What is required: Pictures stay out, but every line of the data is copied exactly.

Given information Block Start

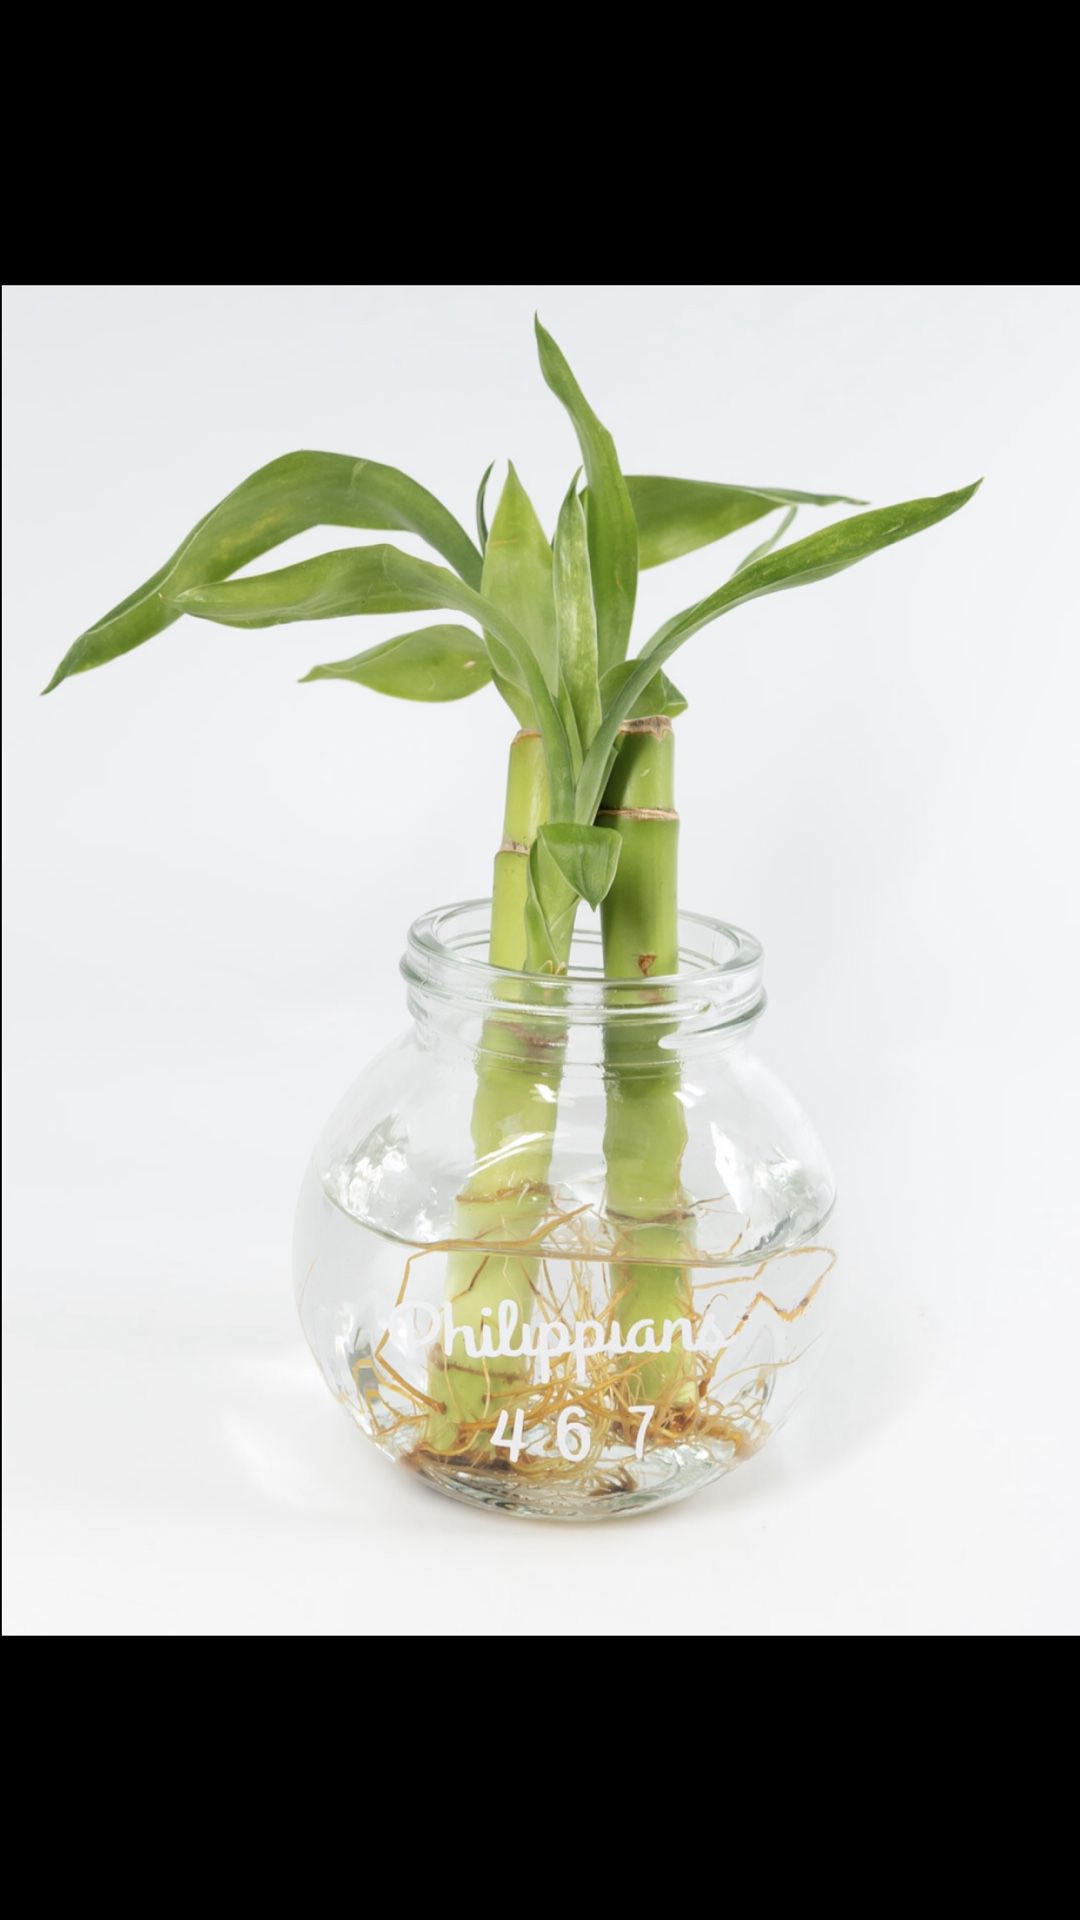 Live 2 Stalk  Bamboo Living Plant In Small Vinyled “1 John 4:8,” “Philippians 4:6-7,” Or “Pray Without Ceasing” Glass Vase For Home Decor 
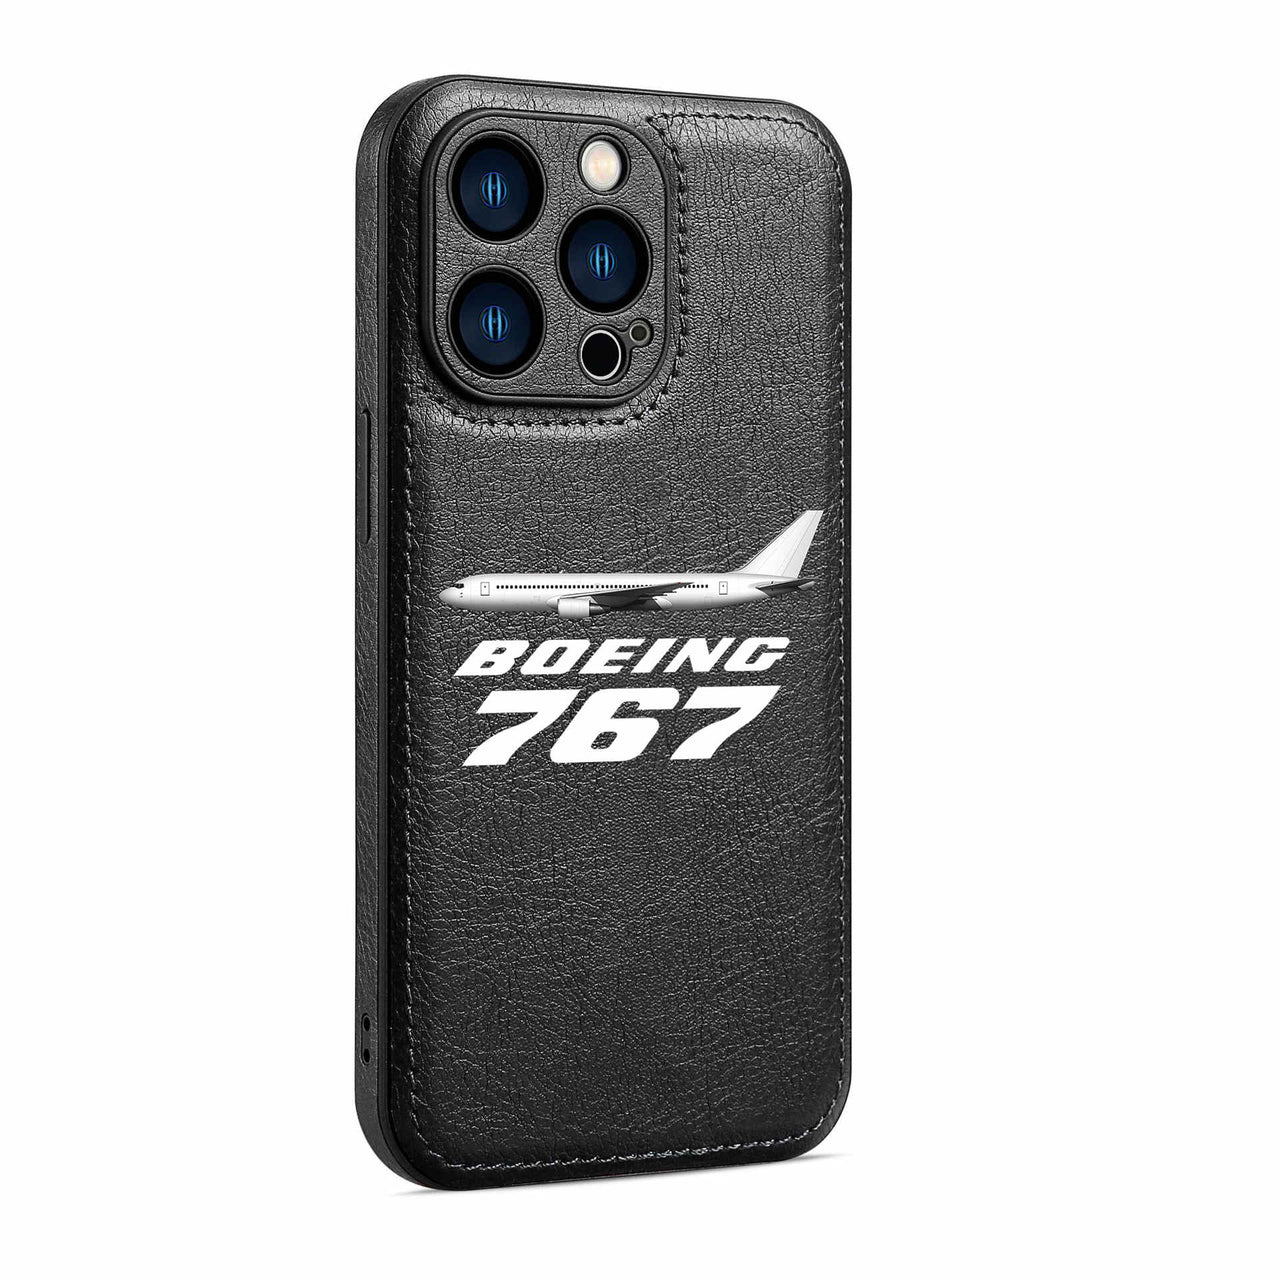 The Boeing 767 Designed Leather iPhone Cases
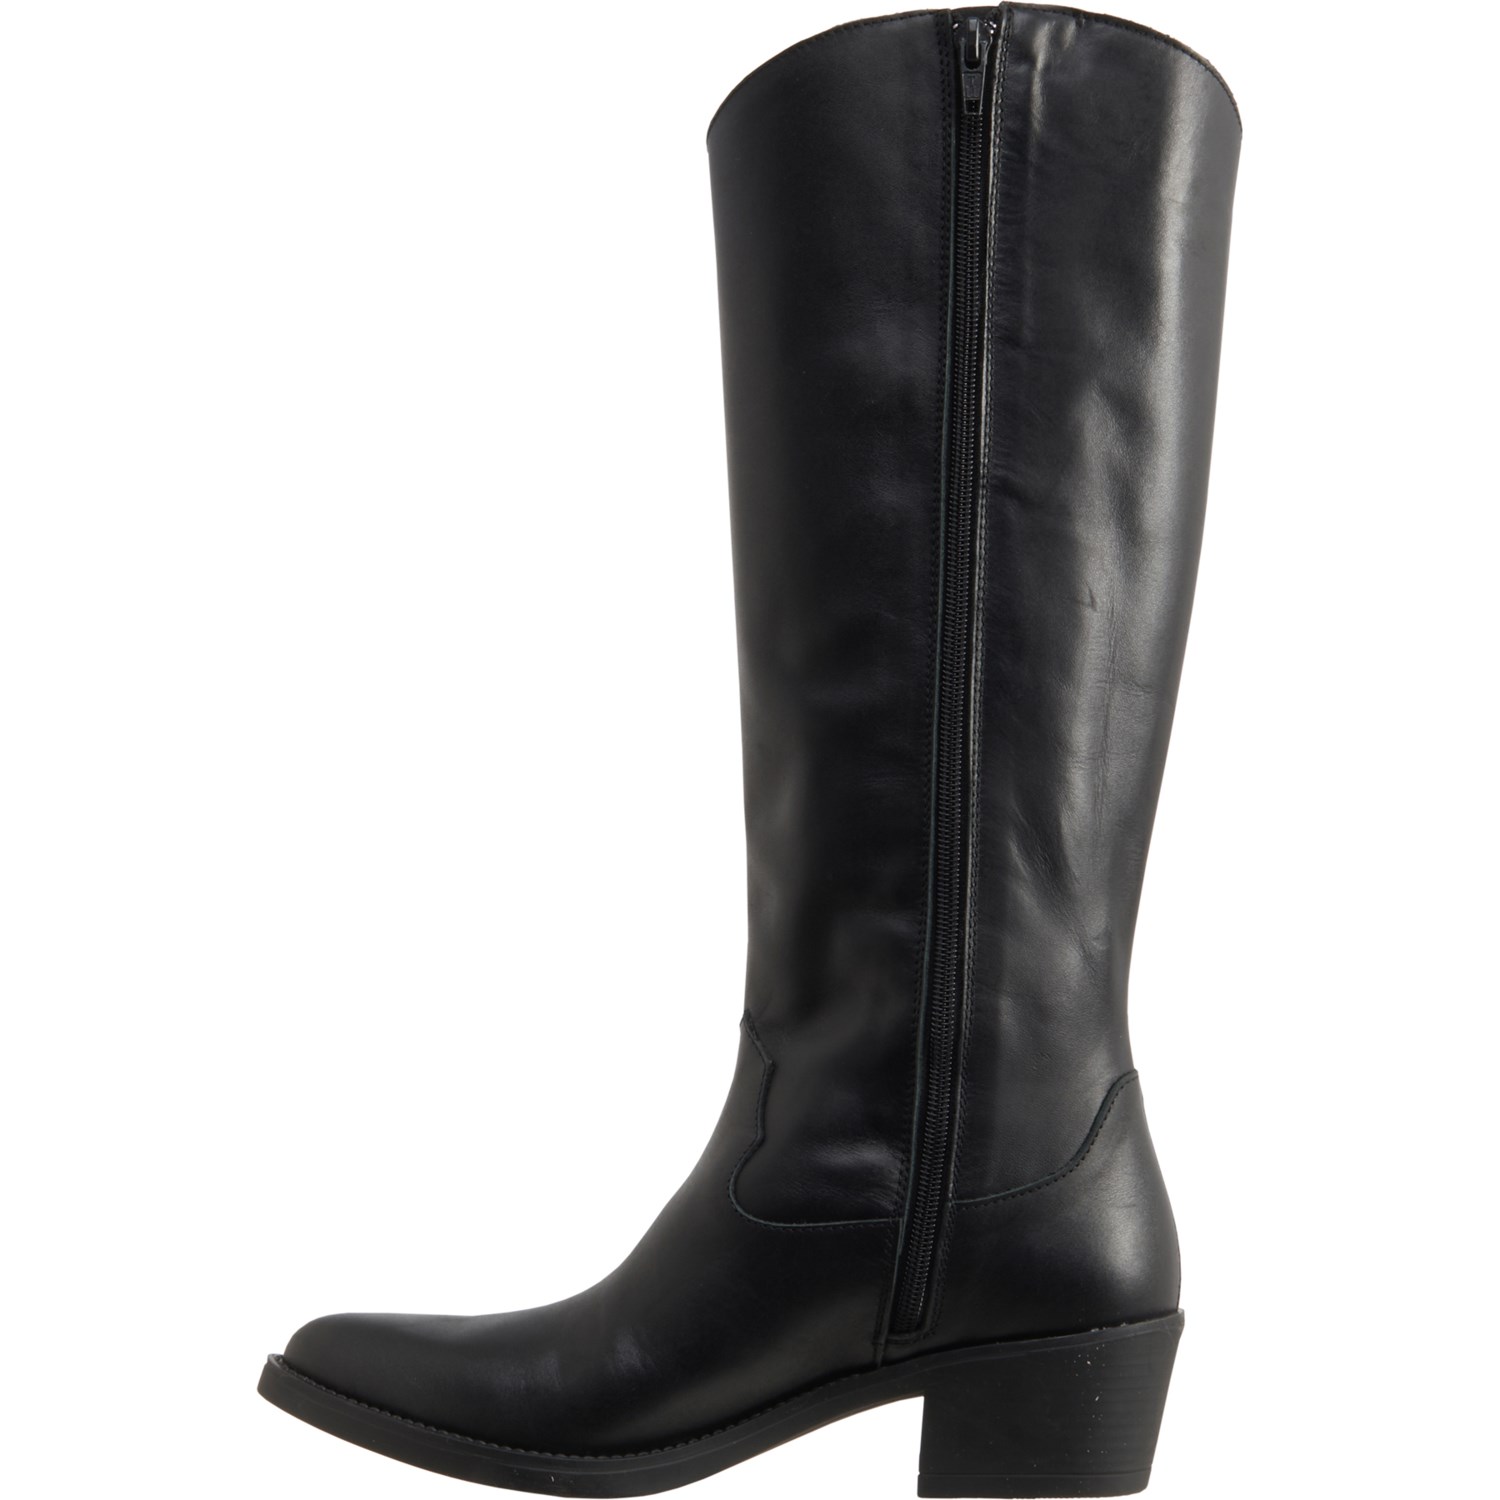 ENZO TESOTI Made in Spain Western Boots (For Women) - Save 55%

Given information Block End

Written response:
 Live 2 Stalk  Bamboo Living Plant In Small Vinyled “1 John 4:8,” “Philippians 4:6-7,” Or “Pray Without Ceasing” Glass Vase For Home Decor 
 The Boeing 767 Designed Leather iPhone Cases
 ENZO TESOTI Made in Spain Western Boots (For Women) - Save 55%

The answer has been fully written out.